The dataset contains a total of 16,519 images. The sample sizes by class are 4108 for medication-free, 4761 for 25%_medicated, 3943 for 50%_medicated, and 3707 for 100%_medicated, respectively. During dataset preparation, no images were removed or excluded based on visual quality criteria such as blur, illumination variation, or partial occlusion. All captured images were retained to preserve the natural variability of the acquisition conditions and to avoid introducing selection bias. Importantly, each image corresponds to a distinct physical seed and no multiple captures of the same seed were included in the dataset.

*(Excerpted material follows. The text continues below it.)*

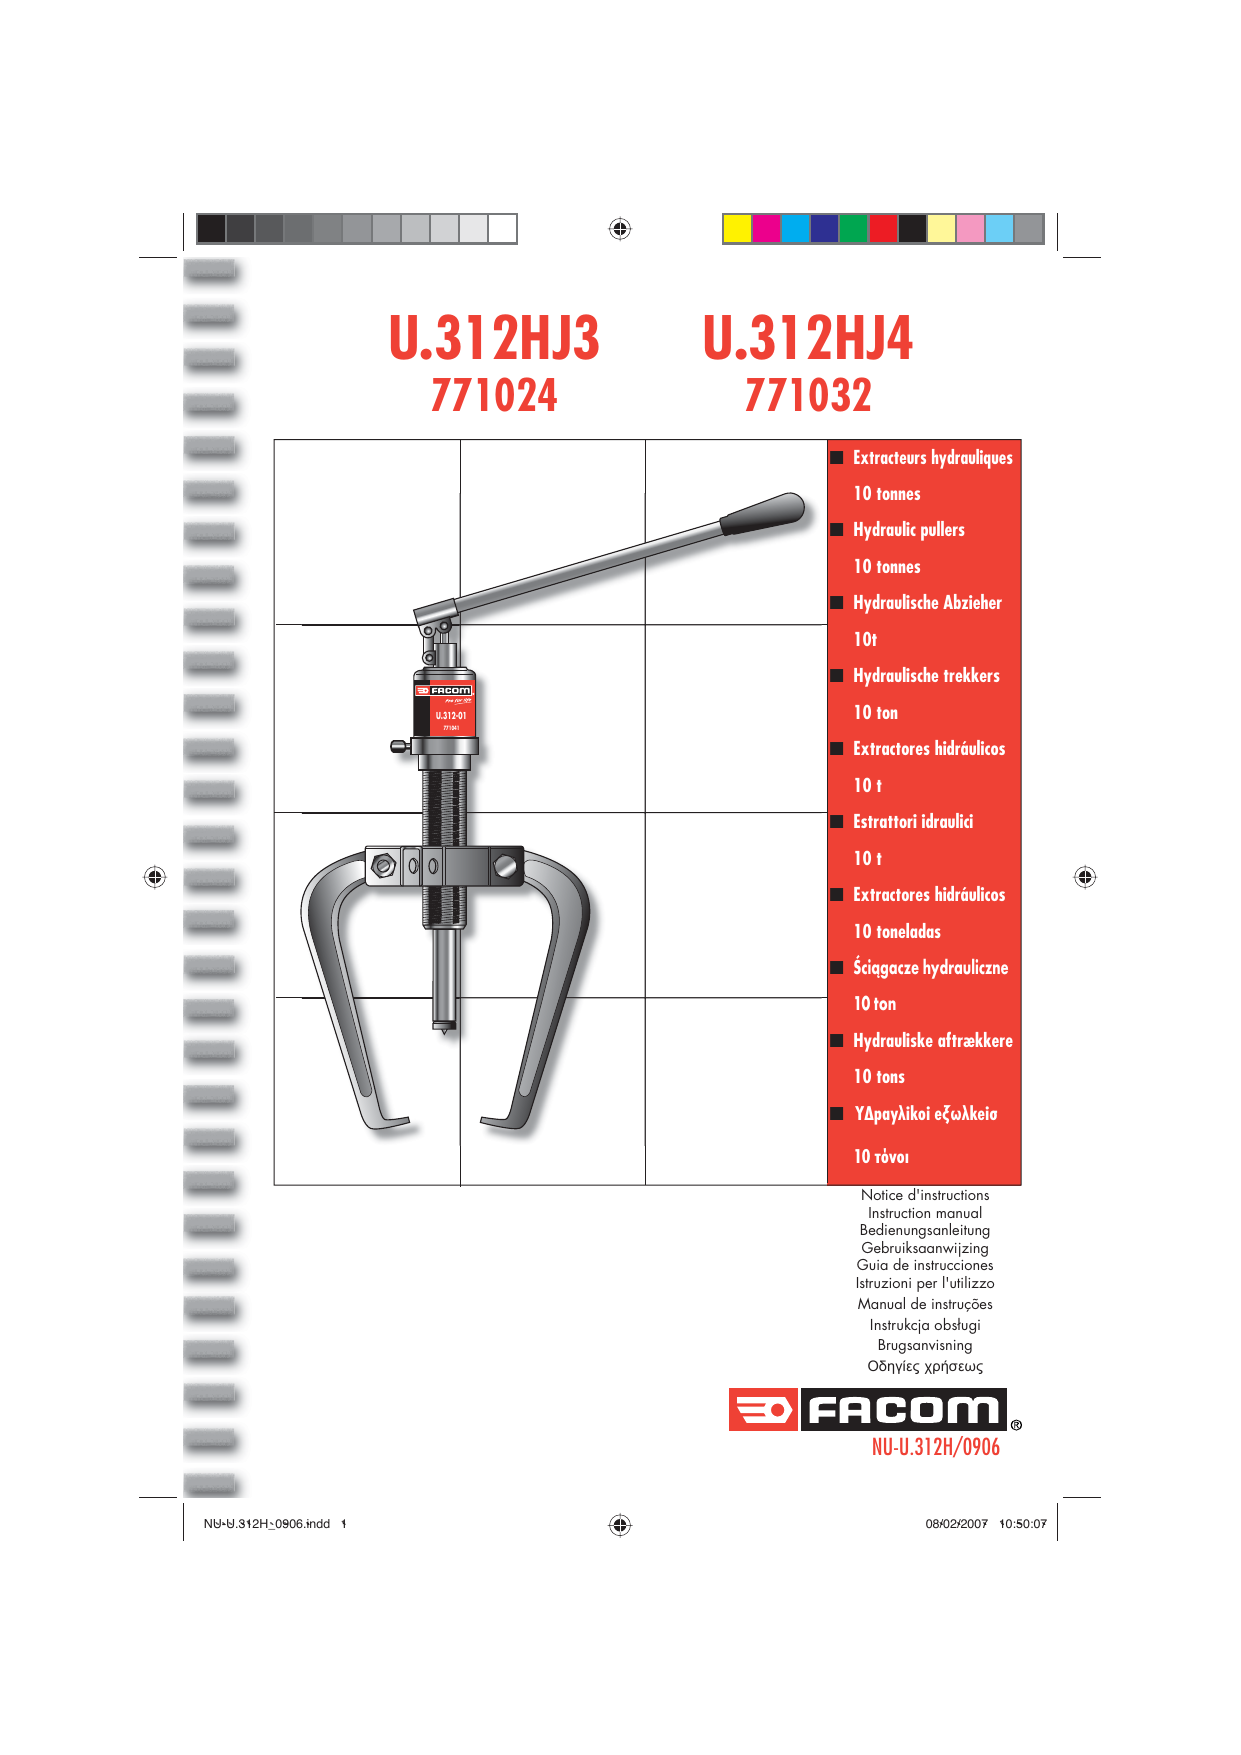 Facom U 312hj3 Hydraulic Puller Instruction Manual Manualzz
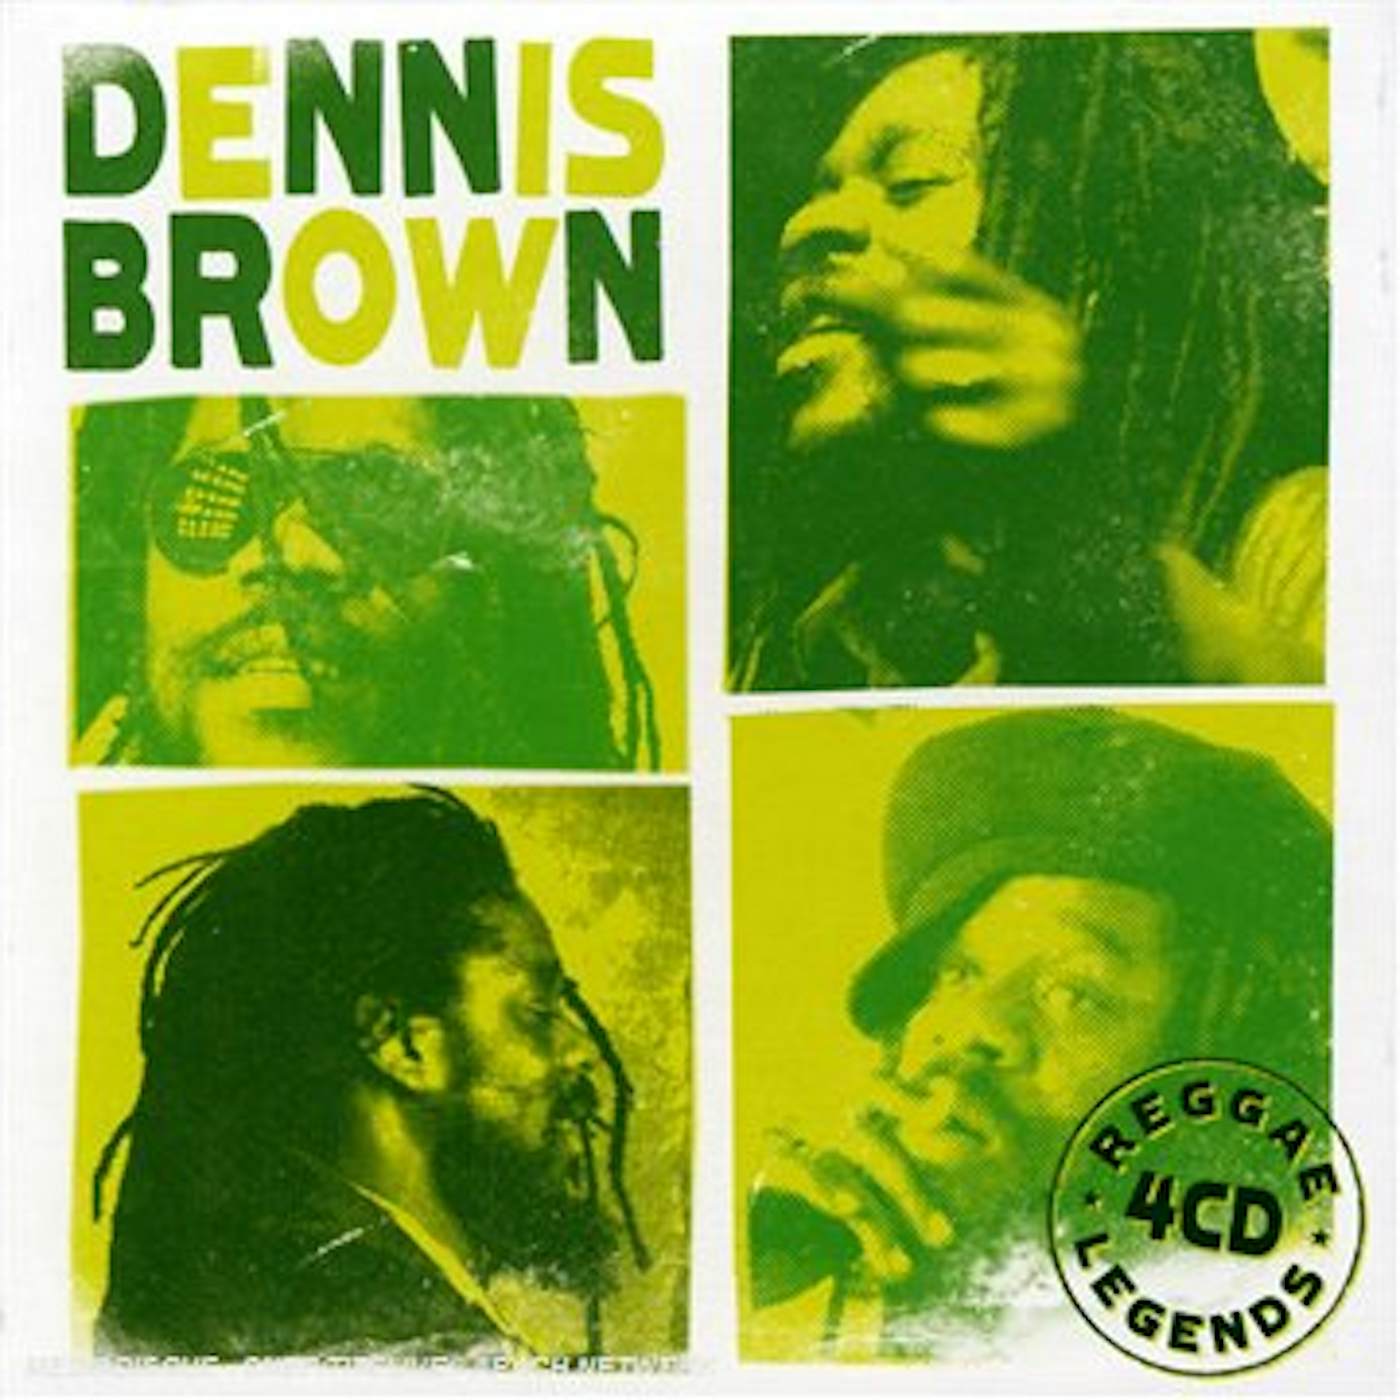 Dennis Brown REGGAE LEGENDS CD

The images were visually inspected only to ensure that the seed was visible within the frame and that the file was not corrupted. Apart from these minimal checks, no additional filtering was applied. This approach ensures that the dataset reflects realistic acquisition conditions and avoids potential bias introduced by selective image removal. Sample images for each class in the dataset are given in
Figure 2.
The same imaging protocol was followed for all classes during the data acquisition process. Seed images were recorded using a Xiaomi 11T Pro smartphone camera under constant illumination in a shooting box isolated from ambient light. The illumination was provided by a strip LED with a color temperature of approximately 4000 K, and the light intensity was fixed at approximately 1150 lx, measured in the shooting plane (the nominal luminous flux of the lighting used was approximately 500 lm). With this setup, the aim was to minimize variations in light intensity, shadow formation, and reflection-induced variability, thereby increasing visual comparability between classes. During imaging, seeds belonging to each treatment level were handled separately, and after completing the shots under the same setup conditions, the images were directly transferred to the relevant class folders. The treatment levels used as class labels were determined from controlled seed-treatment batches with predefined application rates. Production records documenting the applied treatment levels were used as the reference for labeling. During image acquisition, seeds originating from each treatment batch were photographed separately and stored in class-specific directories corresponding to their known treatment level. This approach strengthens the repeatability of the data collection process while providing a more stable input structure for model training. A representative image of the data acquisition process is given in
Figure 3.
3.2. Model Architectures
The YOLO (You Only Look Once) family of single-stage deep learning architectures is known for offering a balance between speed and performance, particularly in real-time computer vision applications. The general structure of YOLO architectures consists of a backbone that learns multi-level representations from images, a neck that combines these representations to produce richer features, and a head that generates task-specific output. This modular structure enables the capture of multi-scale visual cues and allows for adjustment of the capacity-computational cost balance according to different application requirements [
7].
Although YOLO is mostly used for object detection in the literature, YOLO-CLS versions are offered for classification problems in the Ultralytics (version 8.3.158) ecosystem. In detection-based YOLOs, the model combines multi-level features obtained from the backbone in a multi-scale manner via the neck and produces class labels with bounding box predictions with the detection head. In contrast, the goal of YOLO-CLS versions is not to find the object’s location, but to classify the image directly. Therefore, bounding box regression and components for the detection head are not used. The feature representation learned by the backbone is transferred to the classification head, and class probabilities are produced as output [
7,
8,
23,
24]. In this study, since the seeds are clearly positioned in the center of the image and there is no need for object positioning, YOLOv8-CLS and YOLO11-CLS models, which do not require bbox annotation and offer a simpler learning structure, were preferred.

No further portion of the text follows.